# Water in Kidder County Area?



## rhanson (Sep 16, 2007)

Hey there, I was wondering if anyone could tell me what the water levels in Kidder county area are at? I have been hunting in Kidder for the last 8-9 years and last year as you know it was bone dry. I have been looking at Sattelite imagery and it appears the potholes I hunt are holding water but was looking for some local assurance. Thanks!!!


----------



## Bob Kellam (Apr 8, 2004)

Please check the links below

Water in the county is average at best



> We recommend that new visitors to the site use the search box on the home page when first looking for information on areas in ND (click here (see upper left side). Almost every question has been asked before, and Google has archived every one of the threads.
> 
> We also have 2 fantastic threads full of information on exactly what you're looking for including water conditions, restrictions, maps, etc:
> 
> ...


----------



## water_swater (Sep 19, 2006)

I dont know about kidder county but Minnesota has 10,000 lakes, and WI has more


----------



## deacon (Sep 12, 2003)

w_s - stirring the pot in this post too, must be having a bad day.


----------



## R y a n (Apr 4, 2005)

> We ask that other forum members please keep any negative comments to themselves and give the new members a chance to enjoy the site.


¿Usted no habla inglés?

Sie sprechen nicht Englisch?

Вы не говорите английскую язык?

Δεν μιλάτε τα αγγλικά;

Just curious

Ryan


----------



## rhanson (Sep 16, 2007)

Thanks for the reply Bob I appreciate it. I had already checked those links but wasn't able to gain anything concrete from them. I figured with thousands of users with the same interests as me that surely someone would offer some sage advice.

Hey Water Squater....Minnesota has 15,000 lakes actually.


----------



## Bob Kellam (Apr 8, 2004)

PM Sent

Bob


----------



## Horsager (Aug 31, 2006)

Didn't realize you were looking for sage advice. Sage is what Mule deer and Pronghorn antelope eat. Some folks also use it for seasoning meat. Areas with lots of sage are a good place to find Sage Grouse. Don't try to burn sage on a campfire, it's nearly impossible to get that stuff to burn, you'll freeze if sage is your campfire plan.

I don't think I know much more about sage, so that's all the sage advice I can give.


----------



## kaiserduckhelm (May 26, 2005)

rhanson, best advice I can give you is to call the nearest waterfowl refuge to where you are hunting and ask them. Most will give you bird updates and are very helpful.


----------



## DakotaDog72 (Sep 27, 2005)

I think last year was the worst I've seen in ND in years and there was water to be found anywhere across the state.
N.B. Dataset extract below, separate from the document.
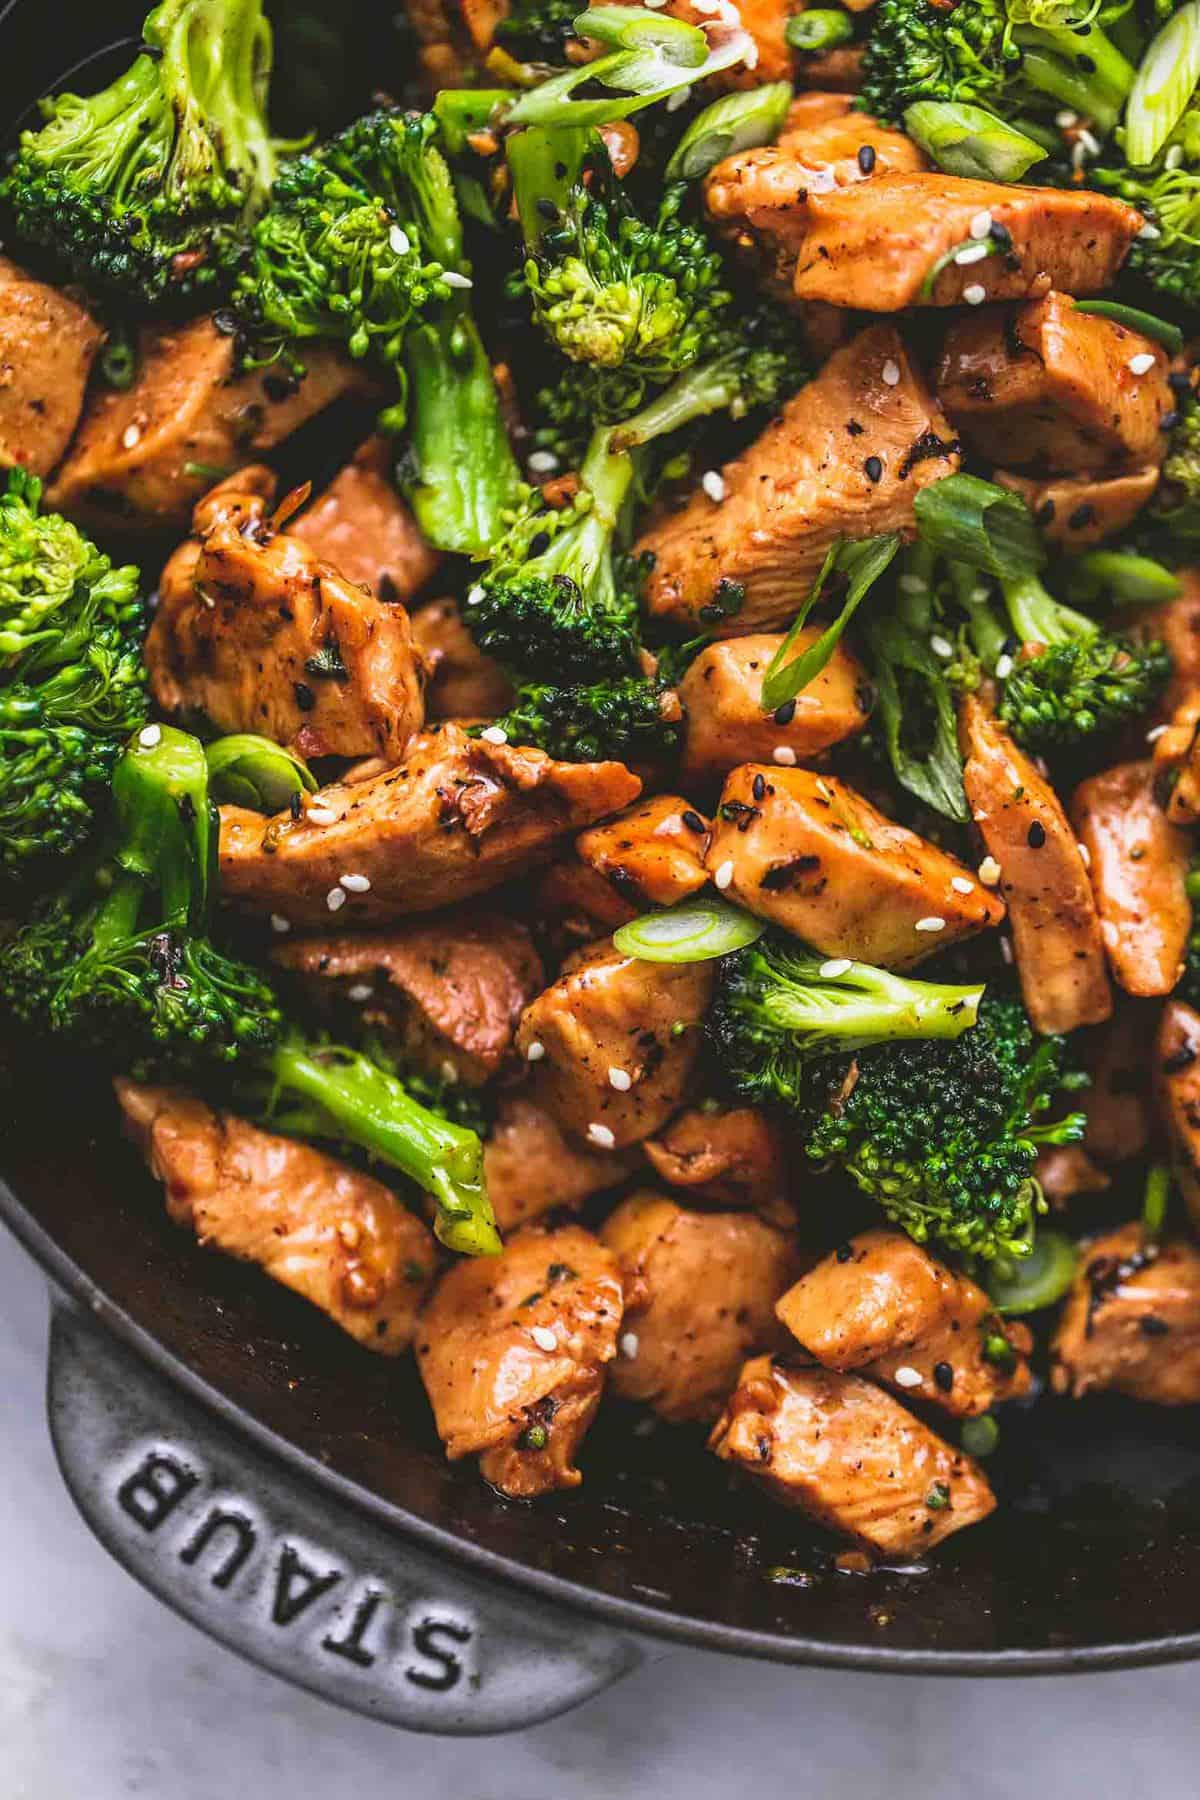 Easiest Way to Make Easy Chicken Stir Fry Recipes

NOW....If you field hunt....well who needs water.

Find a roost, find a freshly cut field were birds are working, get perrmission and enjoy


----------



## rhanson (Sep 16, 2007)

Hey Horsager - you are too funny. Did you know that jack-***** eat sage too? Oh...of course you did.


----------



## james.hunter (Sep 5, 2007)

yeah i would say this year is going to be allot better then last year it was bad seeing the places i hunted in 2005 dry but this year is allot better.


----------



## Horsager (Aug 31, 2006)

rhanson said:


> Hey Horsager - you are too funny. Did you know that jack-a$$es eat sage too? Oh...of course you did.


You were given proper links by the moderators then you begged and pleaded because it wasn't enough info, boo hoo.

I hunted Ruffed Grouse in MN last weekend, didn't call or internet scout, just headed to where the birds should be and turned the dog loose. Killed 3 on 5 flushes, shoulda had the other 2 but as usual I shot under a couple straight-away birds.

I'm hunting elk in MT on my own again this year, not internet scouting that trip either, just gonna go hunt where elk should be, on public land, undguided. 'Spect I'll find a deer and the odd pheasent in MT on my own too.

I don't hunt ducks, last time was 2003 I took a younger reletive out for the youth weekend. I do however like to get under the skin of snivelers.


----------



## redlabel (Mar 7, 2002)

I will probably be out that way grouse hunting this weekend. Send me an email or a PM and I can let you know what I see.


----------